(RAW DATA begins)
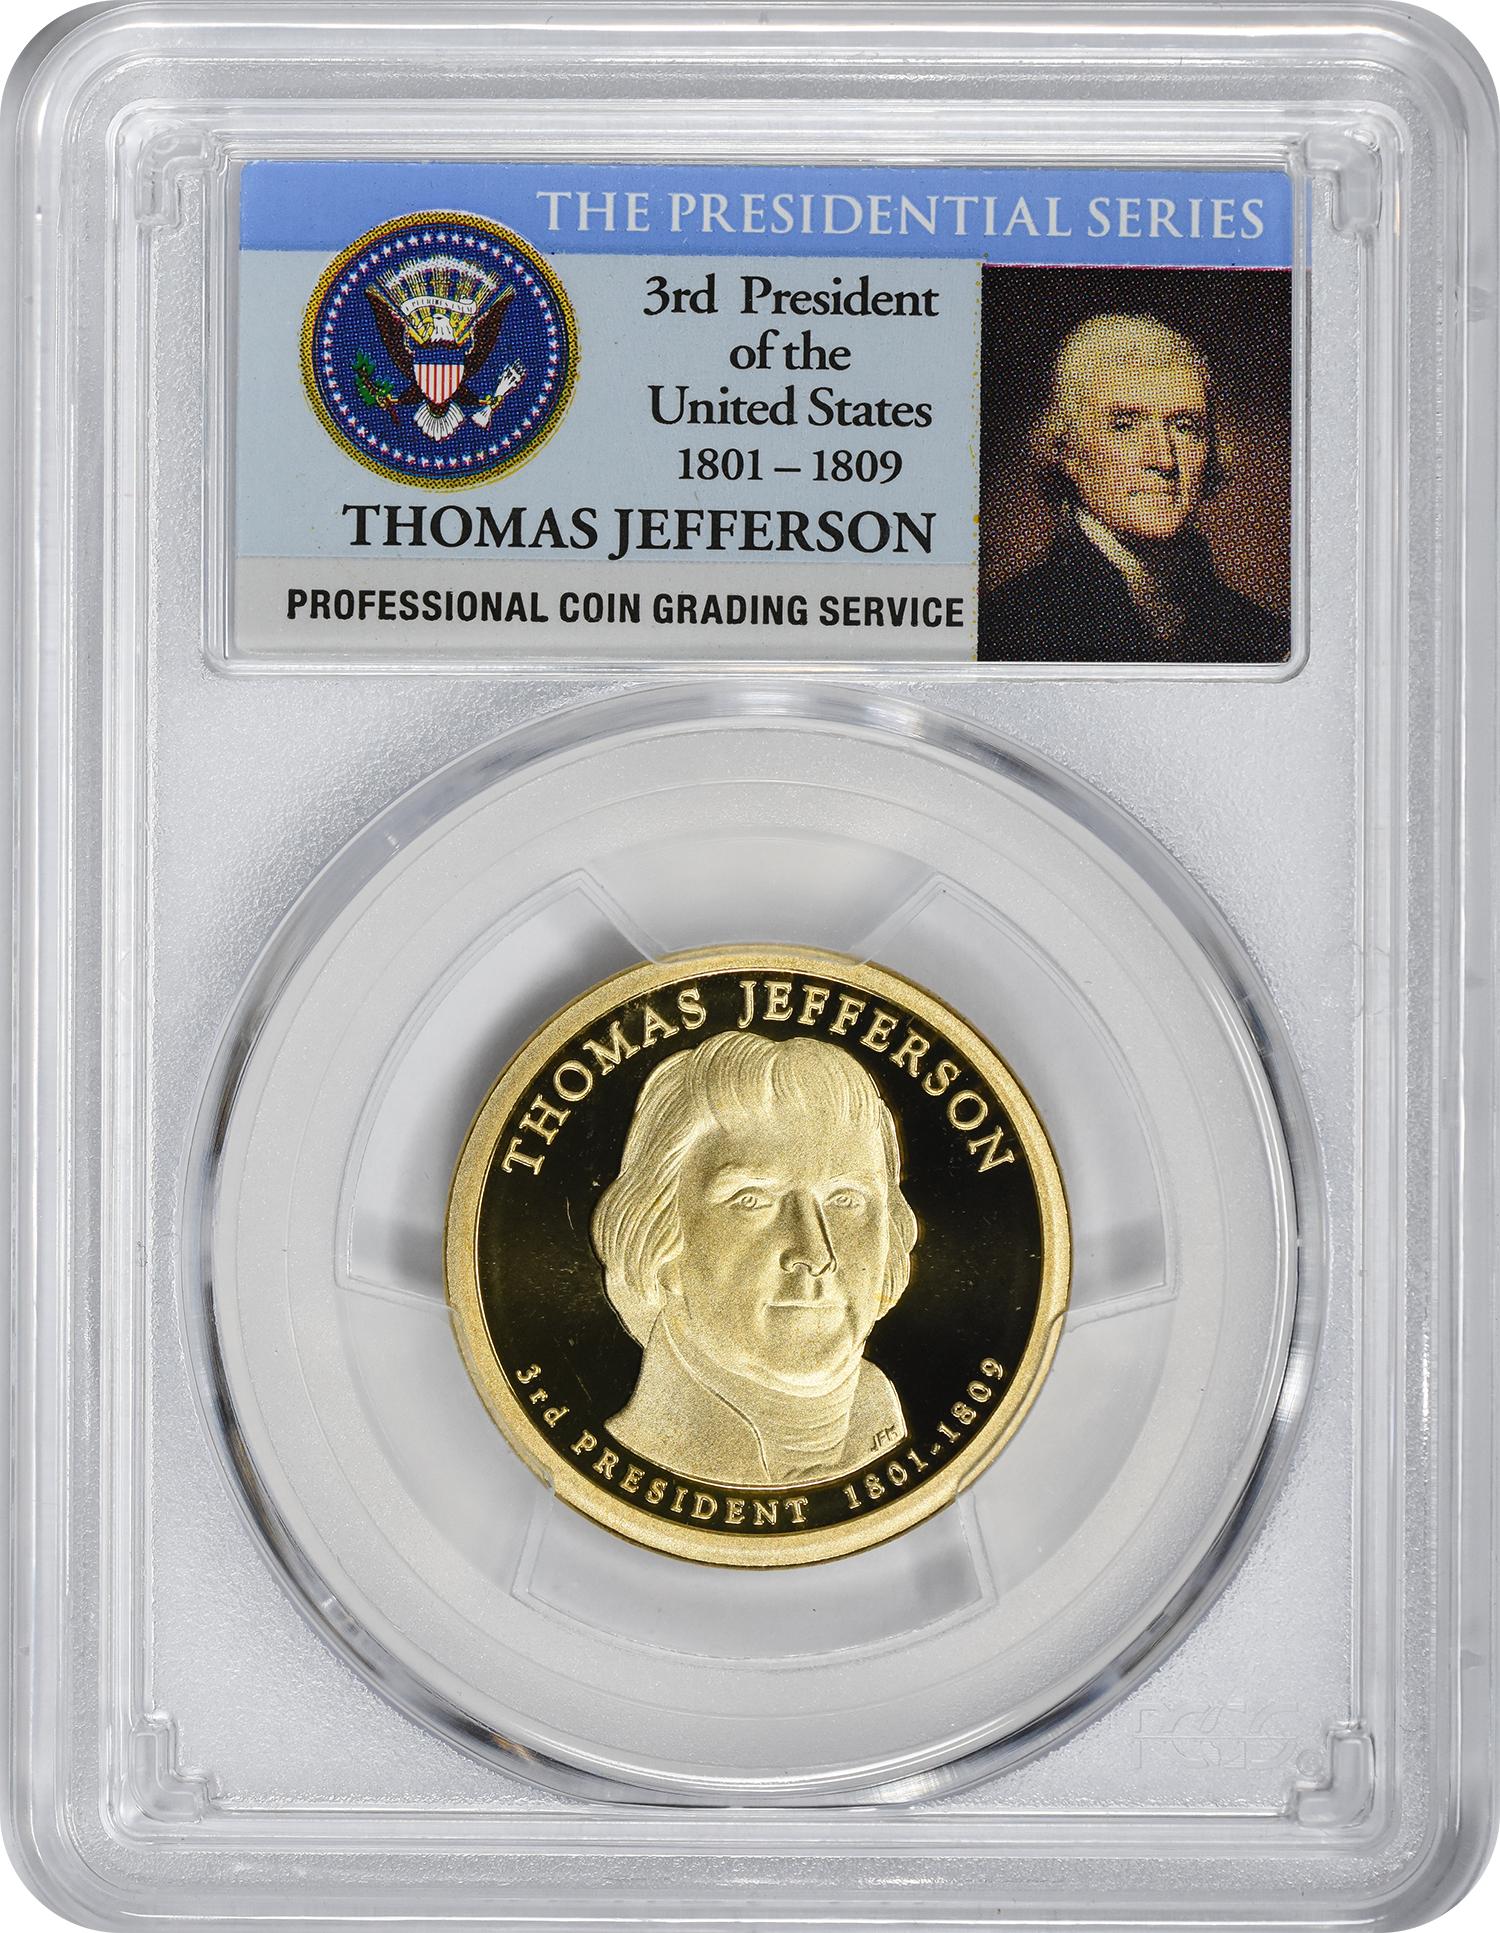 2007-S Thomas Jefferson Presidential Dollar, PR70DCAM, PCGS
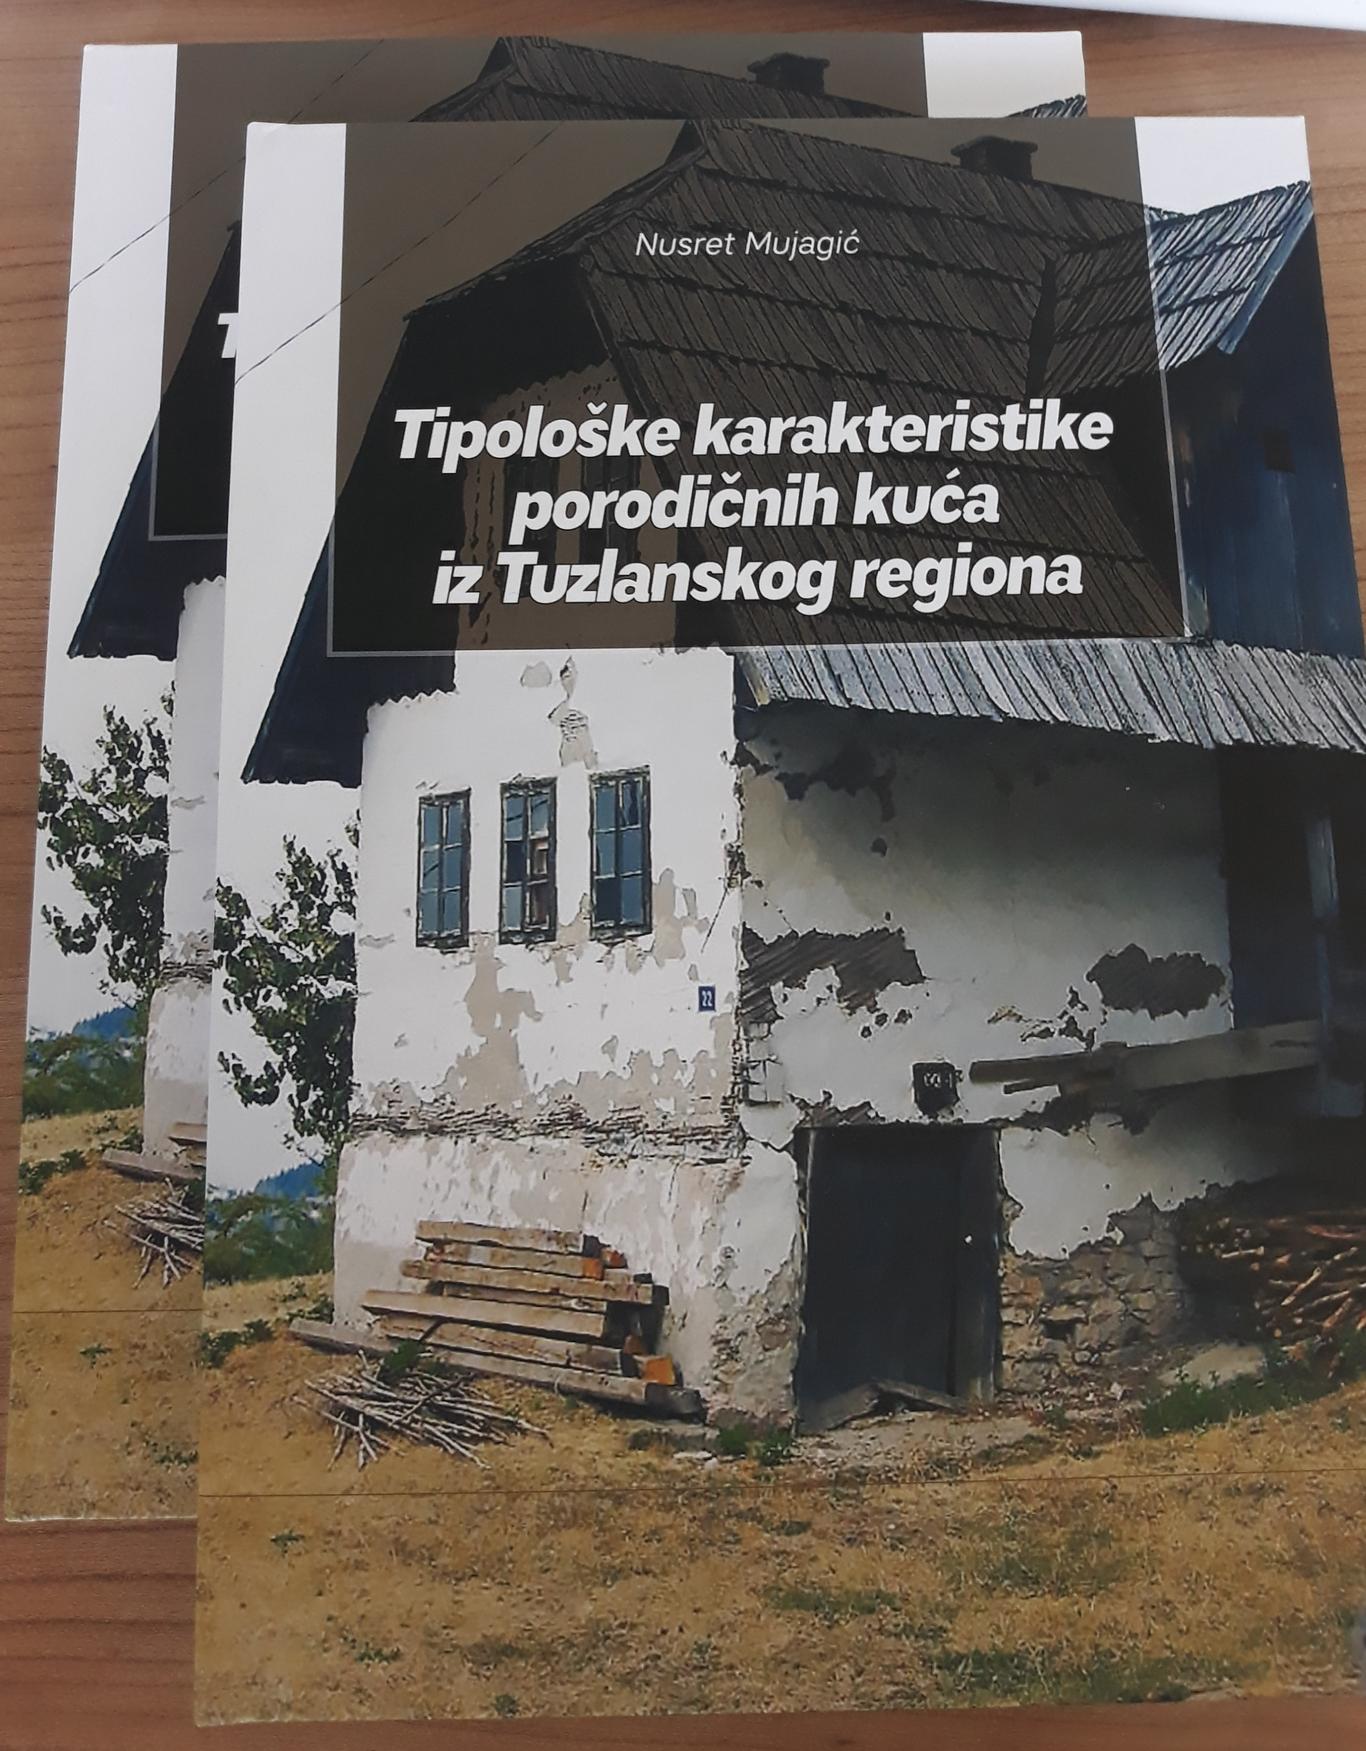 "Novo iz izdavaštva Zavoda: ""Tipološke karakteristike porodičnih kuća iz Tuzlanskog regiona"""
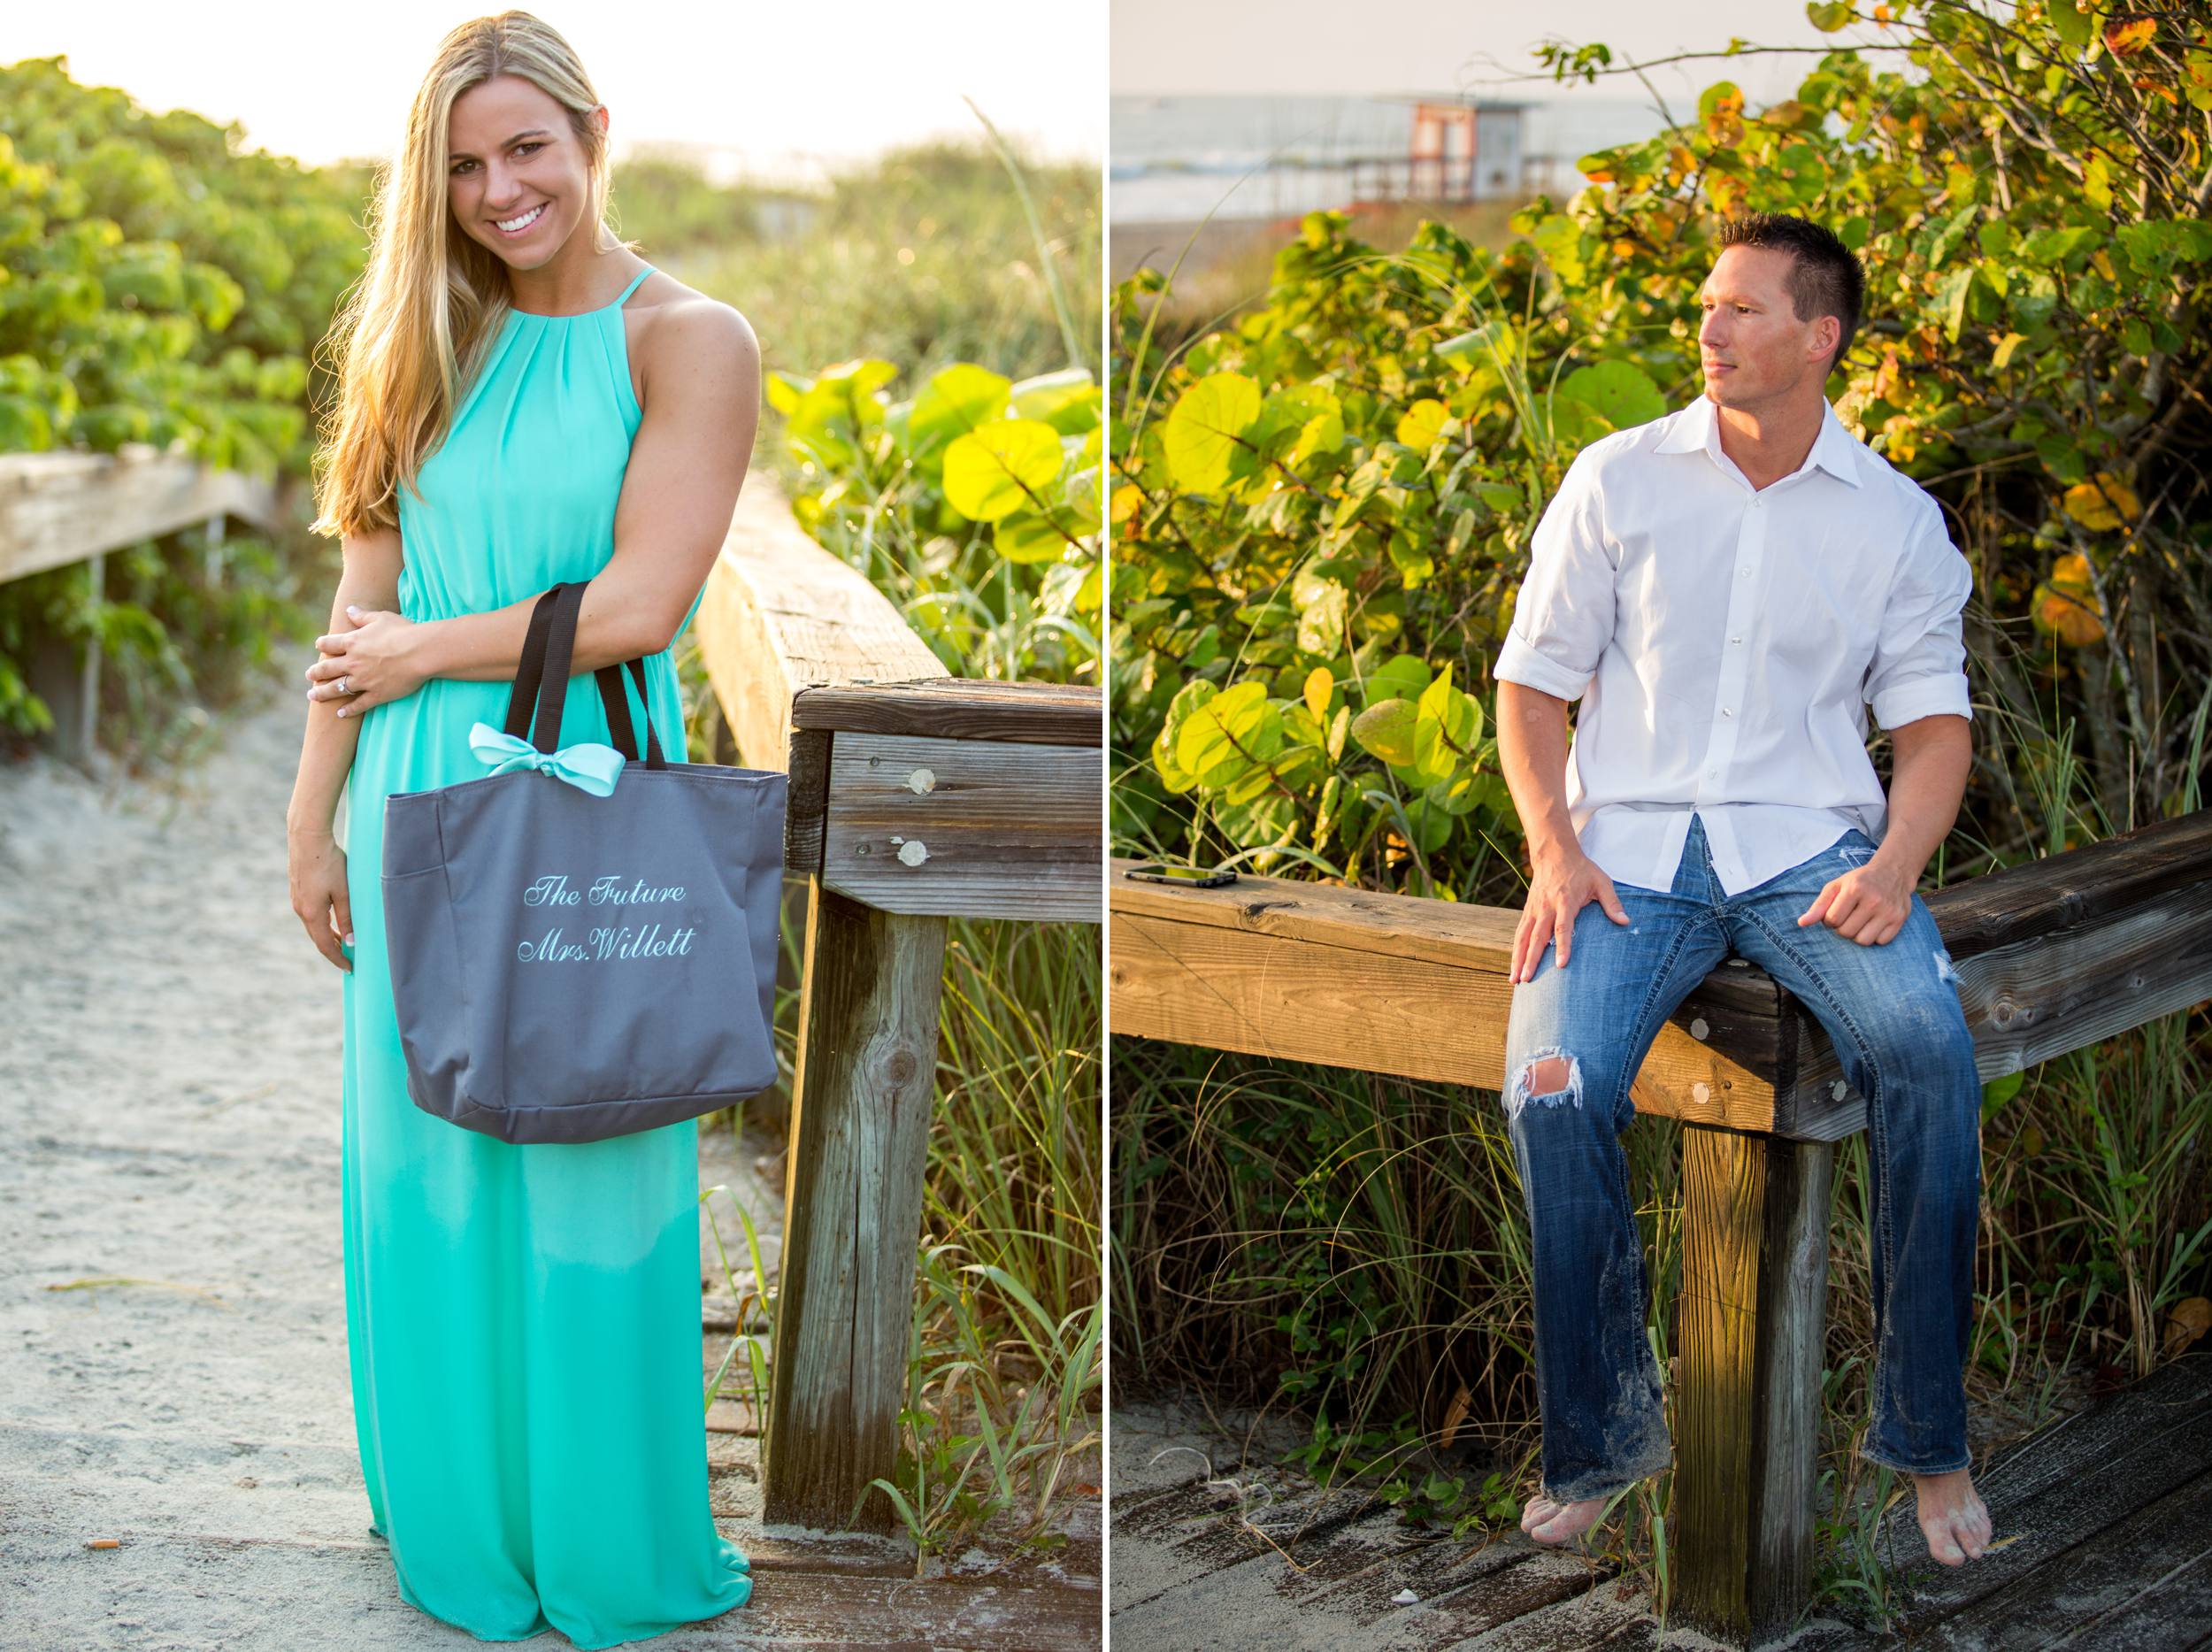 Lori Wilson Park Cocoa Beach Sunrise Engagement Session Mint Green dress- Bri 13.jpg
(RAW DATA ends)
(REQUIRED ACTION): Omit the images; transcribe the listing verbatim.

(PROBLEM SOLUTION):
 2007-S Thomas Jefferson Presidential Dollar, PR70DCAM, PCGS
 "Novo iz izdavaštva Zavoda: ""Tipološke karakteristike porodičnih kuća iz Tuzlanskog regiona"""
 Lori Wilson Park Cocoa Beach Sunrise Engagement Session Mint Green dress- Bri 13.jpg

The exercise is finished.